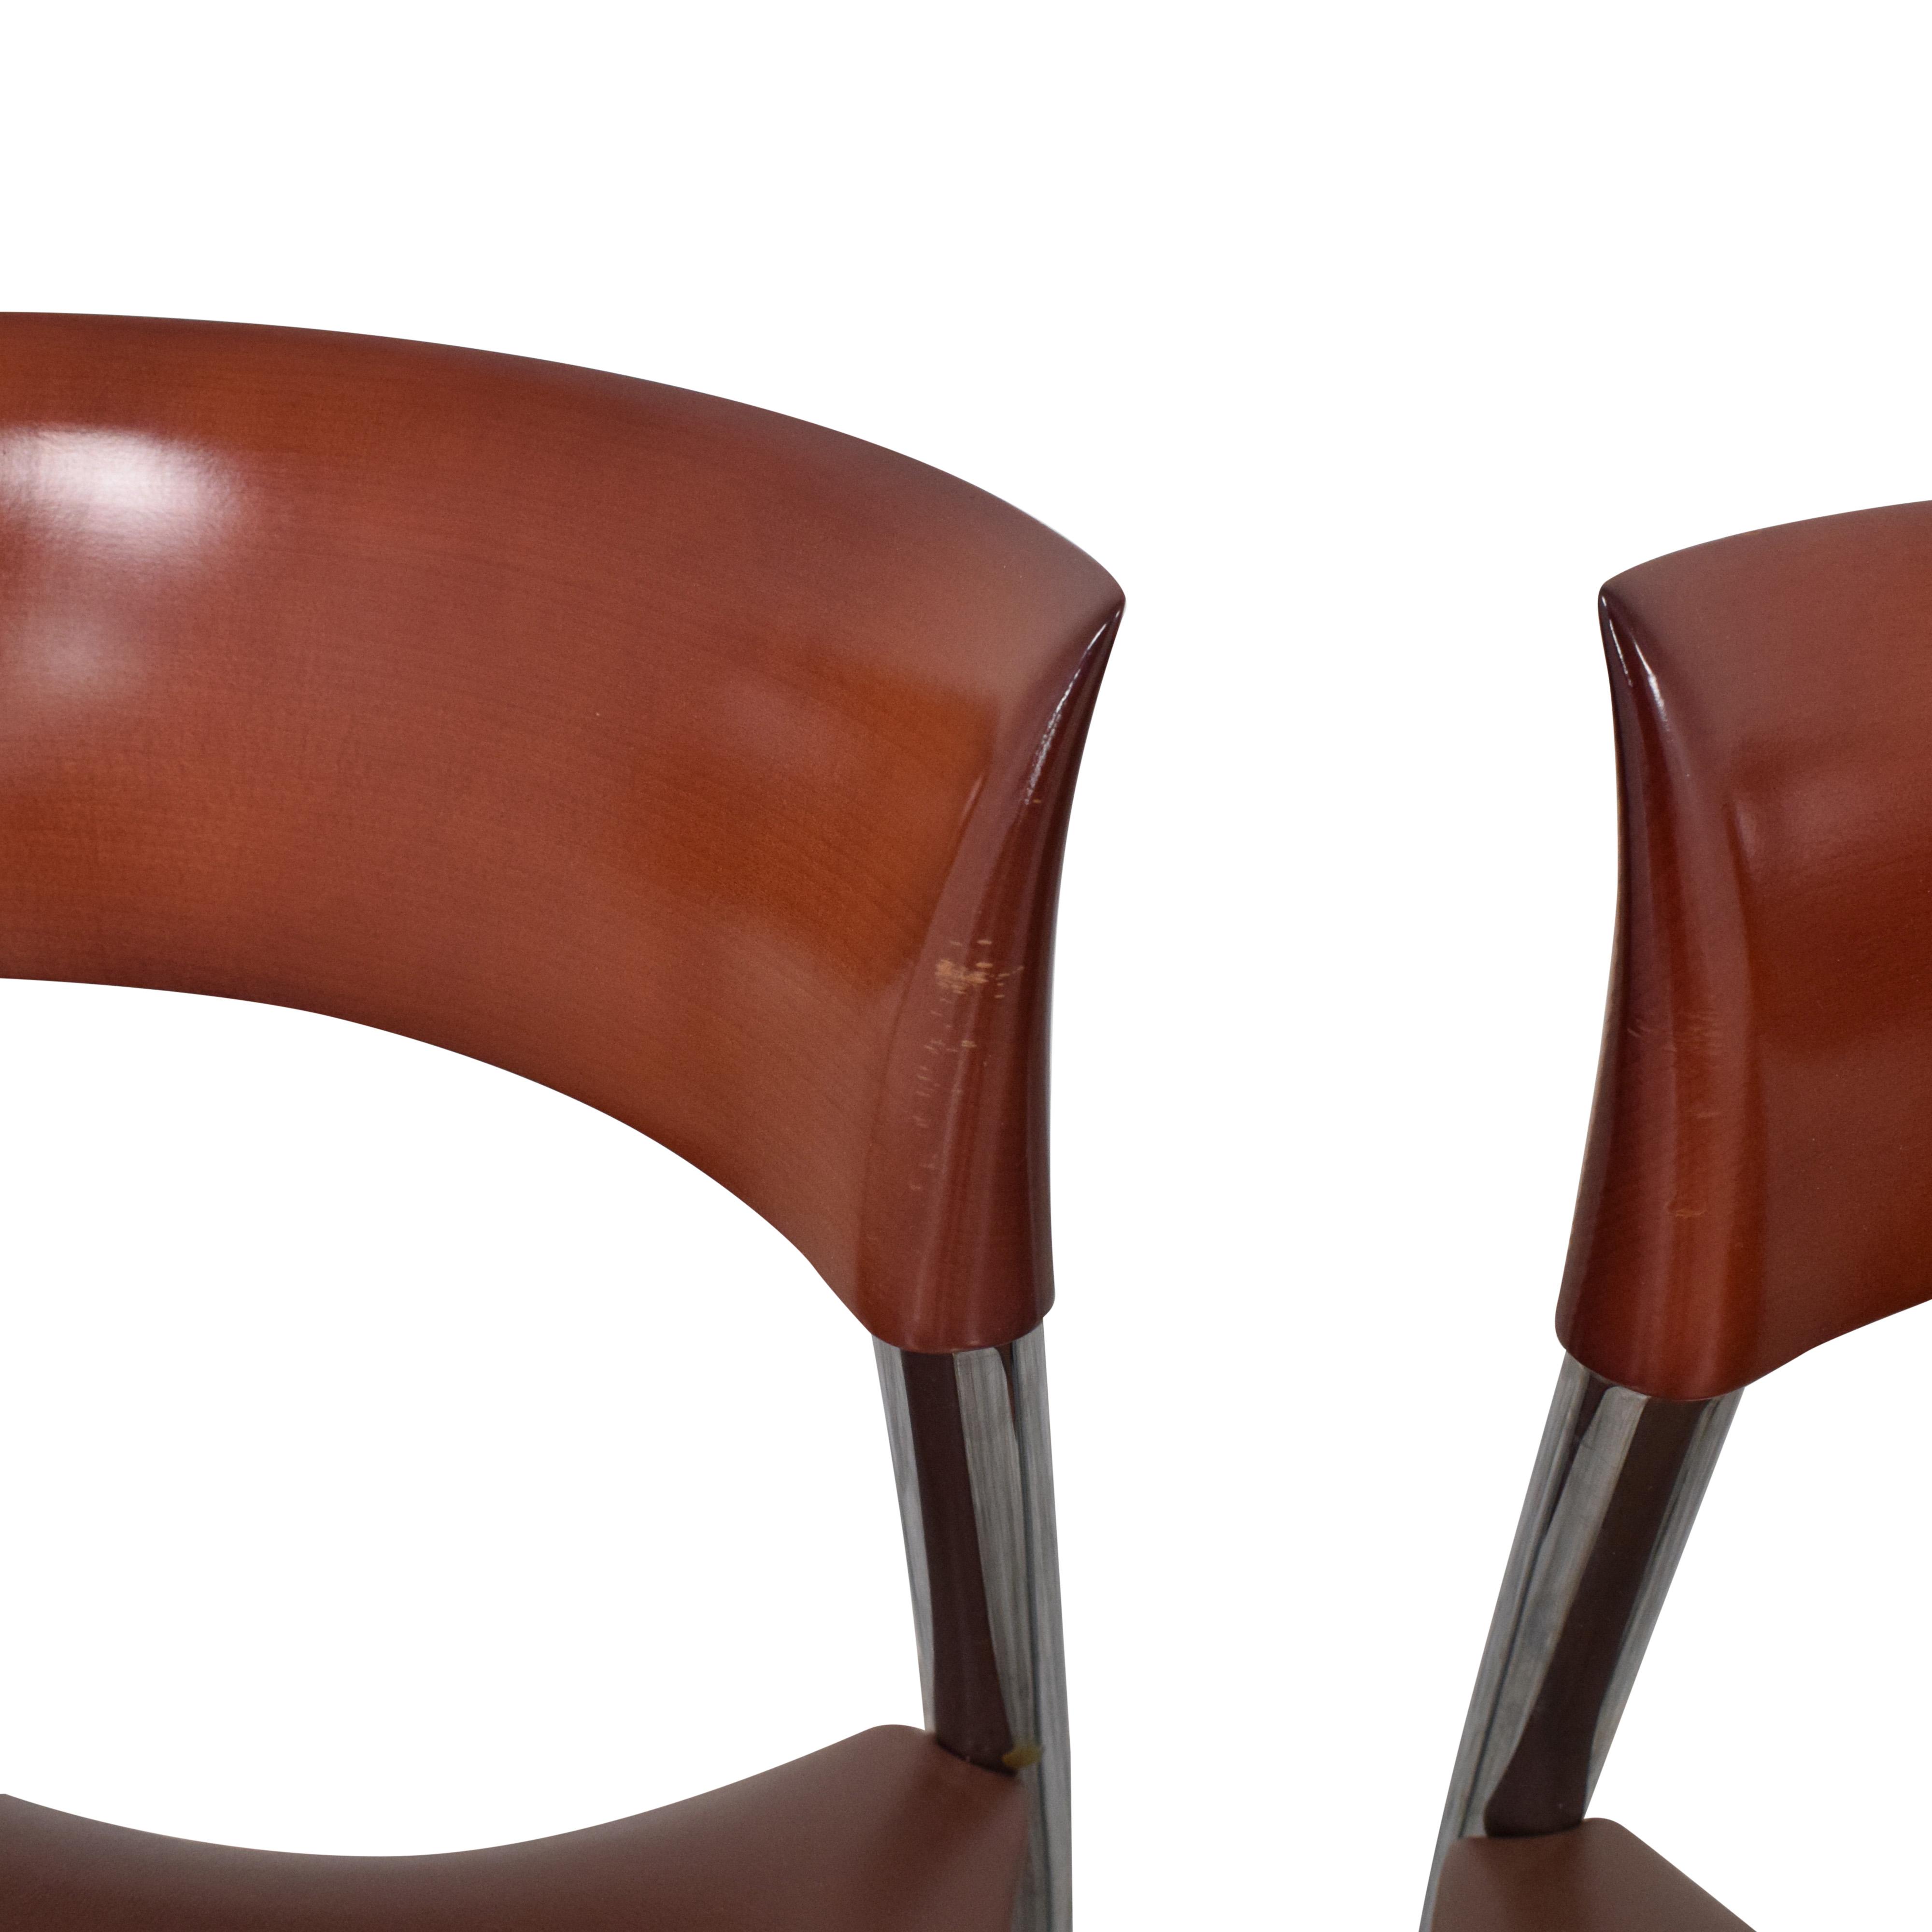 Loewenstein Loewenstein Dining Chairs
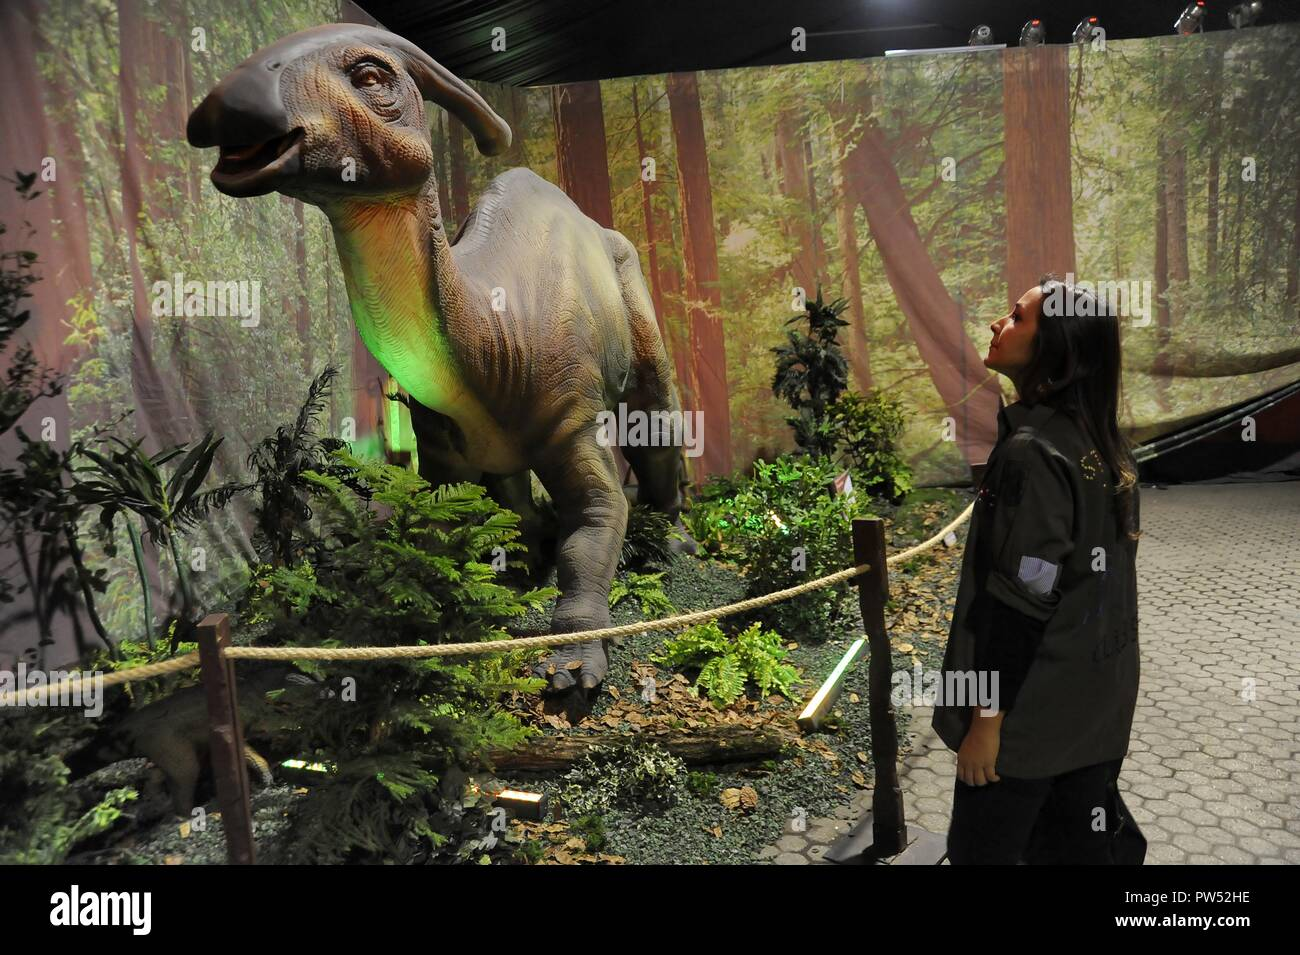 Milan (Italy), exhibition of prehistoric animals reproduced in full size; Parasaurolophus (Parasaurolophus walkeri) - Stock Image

━━━━━━

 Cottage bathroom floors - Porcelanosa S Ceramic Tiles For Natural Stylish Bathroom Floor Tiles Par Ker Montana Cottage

━━━━━━

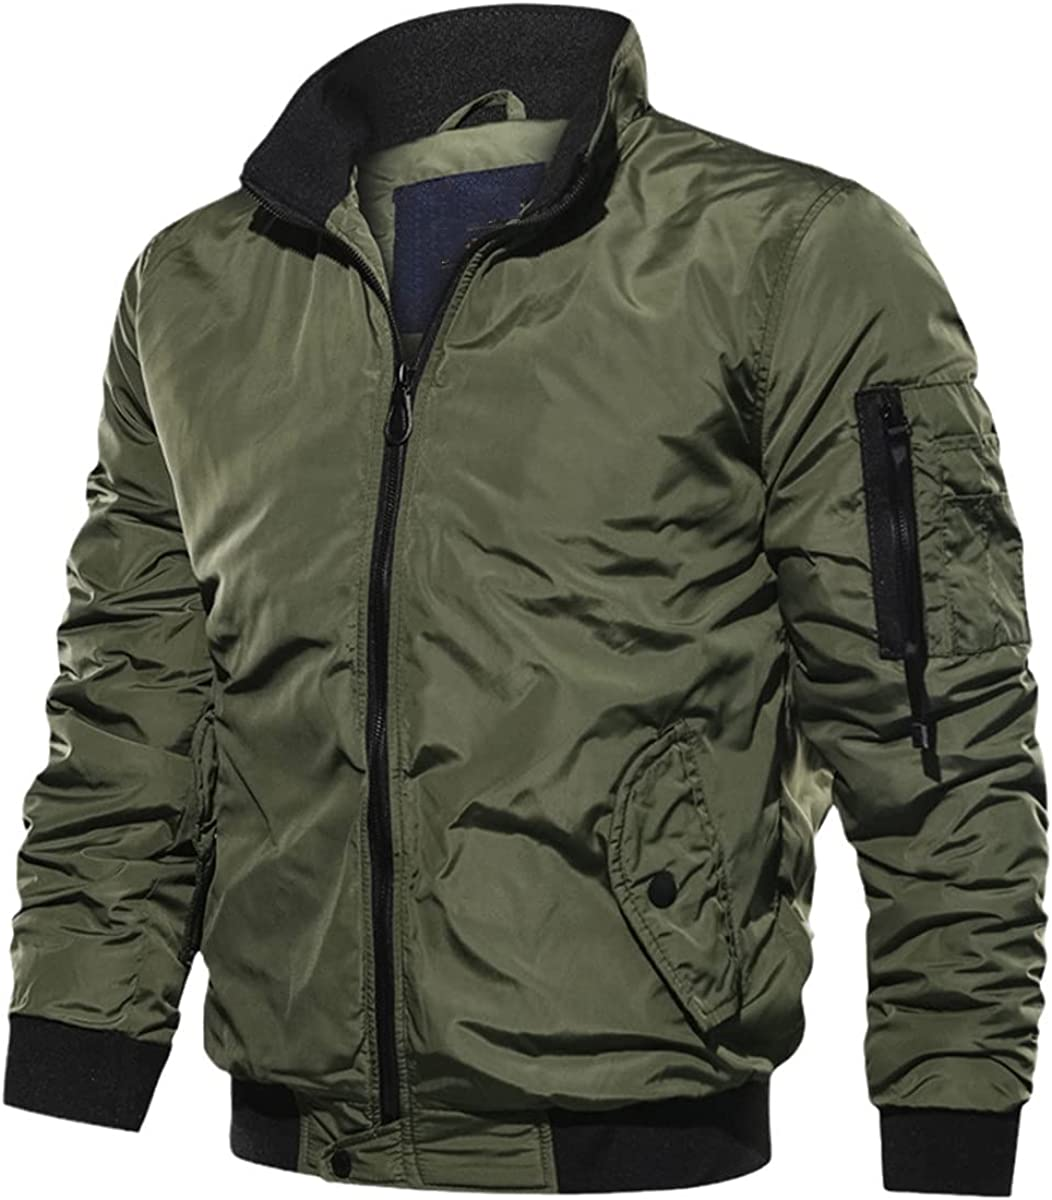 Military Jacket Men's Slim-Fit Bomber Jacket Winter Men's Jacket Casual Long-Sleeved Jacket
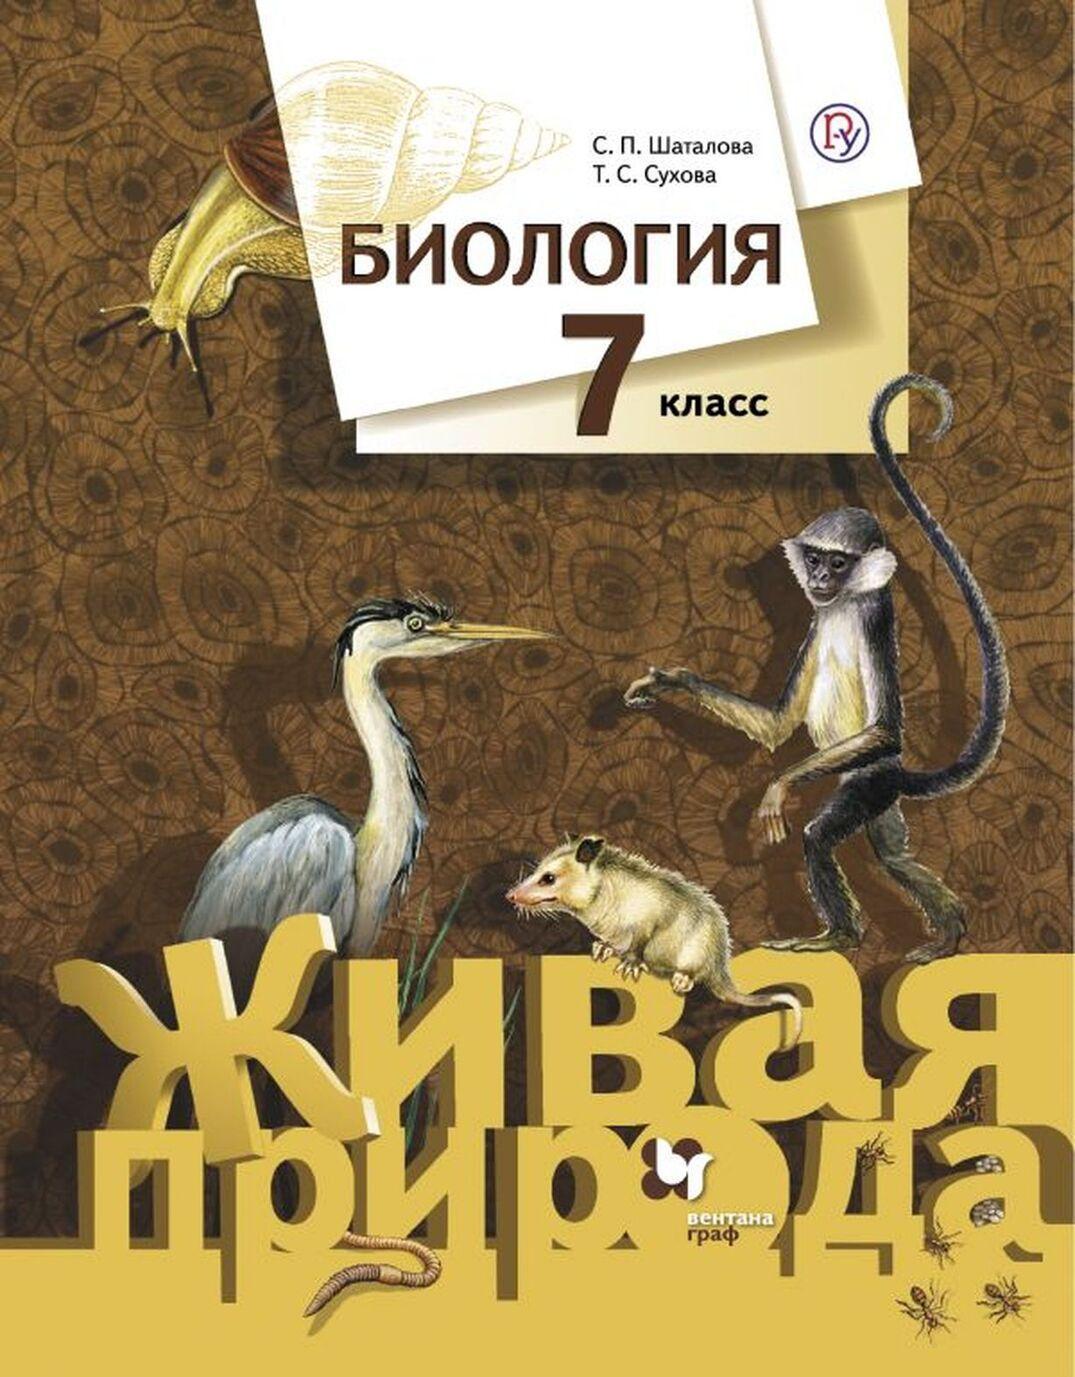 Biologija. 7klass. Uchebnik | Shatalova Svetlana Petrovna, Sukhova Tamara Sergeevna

━━━━━━

* Activity *
In the data above, the stretch from the line with "Loewenstein Loewenstein Dining Chairs" through the line with "Milan (Italy), exhibition" is to be returned exactly, minus any pictures.

* Response to the task *
 Loewenstein Loewenstein Dining Chairs
 Milan (Italy), exhibition of prehistoric animals reproduced in full size; Parasaurolophus (Parasaurolophus walkeri) - Stock Image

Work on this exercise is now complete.